Elimane Coulibaly

Personal information
- Date of birth: 5 March 1980 (age 46)
- Place of birth: Yembeul, Senegal
- Height: 1.90 m (6 ft 3 in)
- Position: Forward

Team information
- Current team: KRC Gent (Manager)

Youth career
- 1986–1998: Yaakaar Dakar

Senior career*
- Years: Team / Apps / (Gls)
- 2003–2004: Oostakker
- 2004–2005: Ninove
- 2005–2007: Deinze / 37 / (15)
- 2007–2009: Kortrijk / 58 / (18)
- 2009–2012: Gent / 68 / (22)
- 2012: Beerschot / 11 / (3)
- 2012–2014: Gent / 3 / (0)
- 2013–2014: → Kortrijk (loan) / 24 / (9)
- 2014–2016: Oostende / 29 / (7)
- 2016: Mouscron-Péruwelz / 9 / (1)
- 2017: KVK Westhoek
- 2017–2018: Oudenaarde / 28 / (9)
- 2018–2019: KM Torhout

Managerial career
- 2019–2020: Jong Gent (forward coach)
- 2020–2023: Jong Gent (assistant)
- 2023–: KRC Gent

= Elimane Coulibaly =

Senegalese footballer

Elimane Coulibaly (born 15 March 1980 in Dakar) is a Senegalese retired professional footballer who played as a forward and current manager of KRC Gent.

==Club career==

===First years===
Having emigrated from Senegal to Belgium, Coulibaly first started playing football in the local teams of KFC Oostakker and KVK Ninove. At the start of the 2005–06 season, Coulibaly left KVK Ninove for KMSK Deinze, which played in the Second Division, where he scored 15 times in 36 games over two seasons.

===KV Kortrijk===
At the end of the 2005–06 season, Coulibaly joined the West-Flemish fellow Second Division team KV Kortrijk on a two-year contract. In his first season, he managed five goals in 27 games while his club was promoted to the Belgian Pro League. The season 2008–2009 became the breakthrough of Coulibaly: thanks to his 11 goals, Kortrijk managed to avoid relegation from the Pro League.

===AA Gent===
In summer 2009, Coulibaly signed a three-year contract with AA Gent. Following a slow start to the 2009–2010 season with few appearances he got his first goal versus Mechelen before going on to score 11 goals for the season and thus greatly contributing to AA Gent's vice-championship. Coulibaly also scored the first goal in the cup final as his club beat Cercle Brugge to win the 2009–10 Belgian Cup.

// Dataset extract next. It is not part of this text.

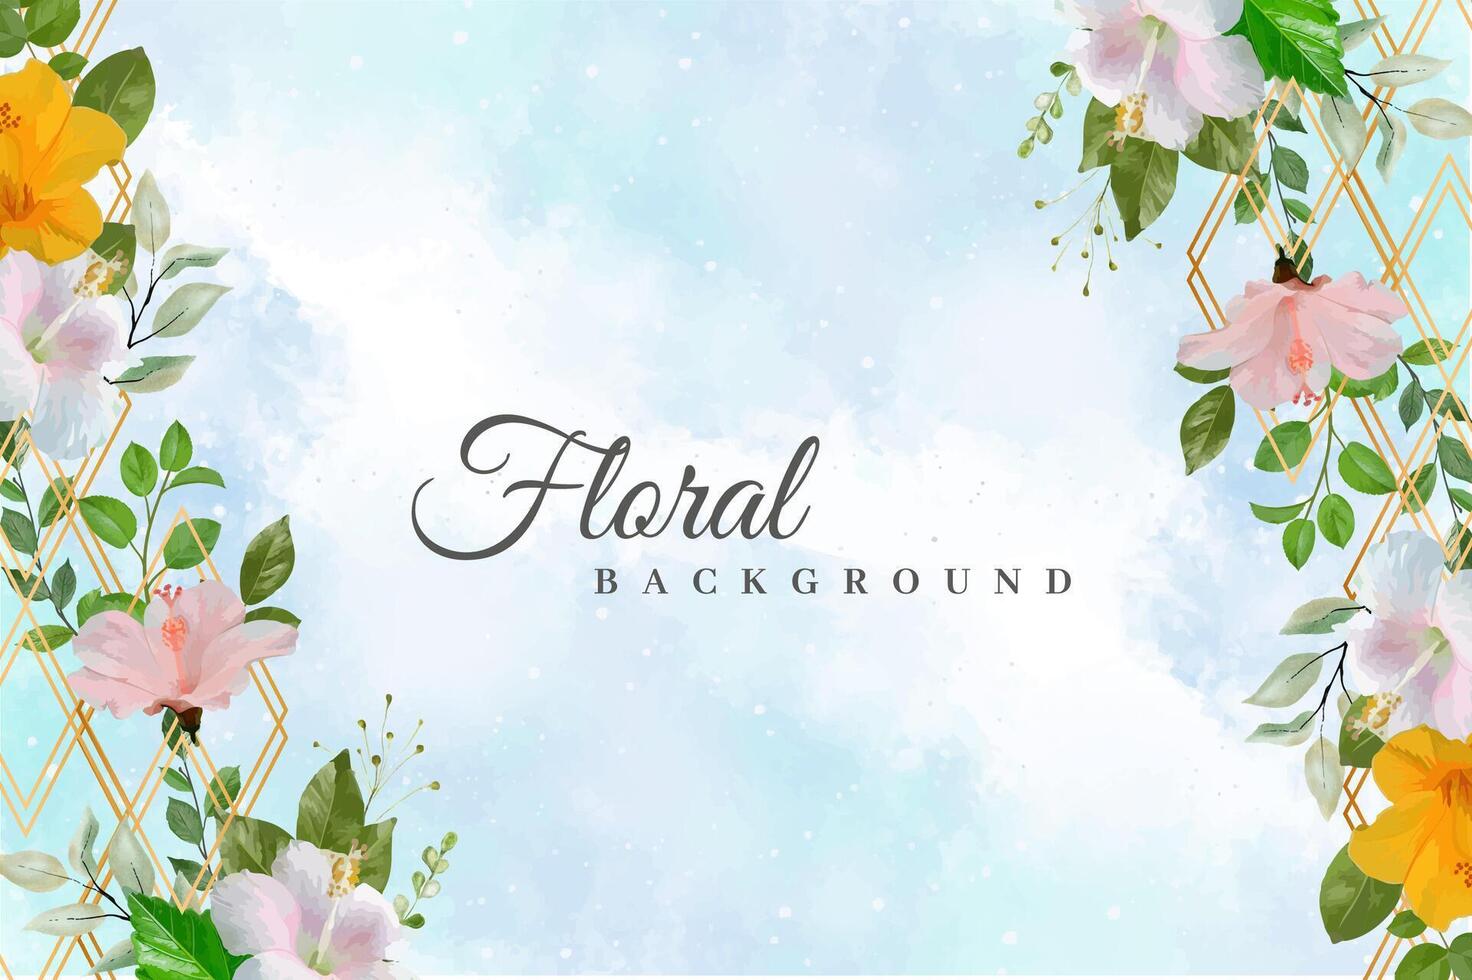 lindo modelo de cartão de convite de casamento floral vetor

Coulibaly's second season in Ghent was less spectacular than his first. He scored AA Gent's first ever goal in Champions League qualification as his team lost 6–1 on aggregate to Dynamo Kyiv in the third qualifying round for the 2010–2011 Champions League and helped AA Gent make the group phase of the Europa League by scoring in their return leg against Feyenoord in the playoff round, but later lost his place in the starting lineup to new arrival Shlomi Arbeitman.

===Beerschot AC===
Having been released by Gent Coulibaly joined Beerschot A.C. in July 2012. However, on 24 October 2012, he was released by the club for aggressive behavior towards his teammate Hernán Losada. Coulibaly clashed with Losada after their team's 3–0 defeat by KRC Genk on 20 October 2012.

===Return to AA Gent===
Free agent Coulibaly was signed by Gent in December 2012.

==Coaching career==
After hanging up his boots, Coulibaly began his coaching career, starting as an attack coach at KAA Gent with the club's U23/Jong team and later, from the 2020–21 season, as assistant coach.

Ahead of the 2023–24 season, Coulibaly was appointed manager of K.R.C. Gent.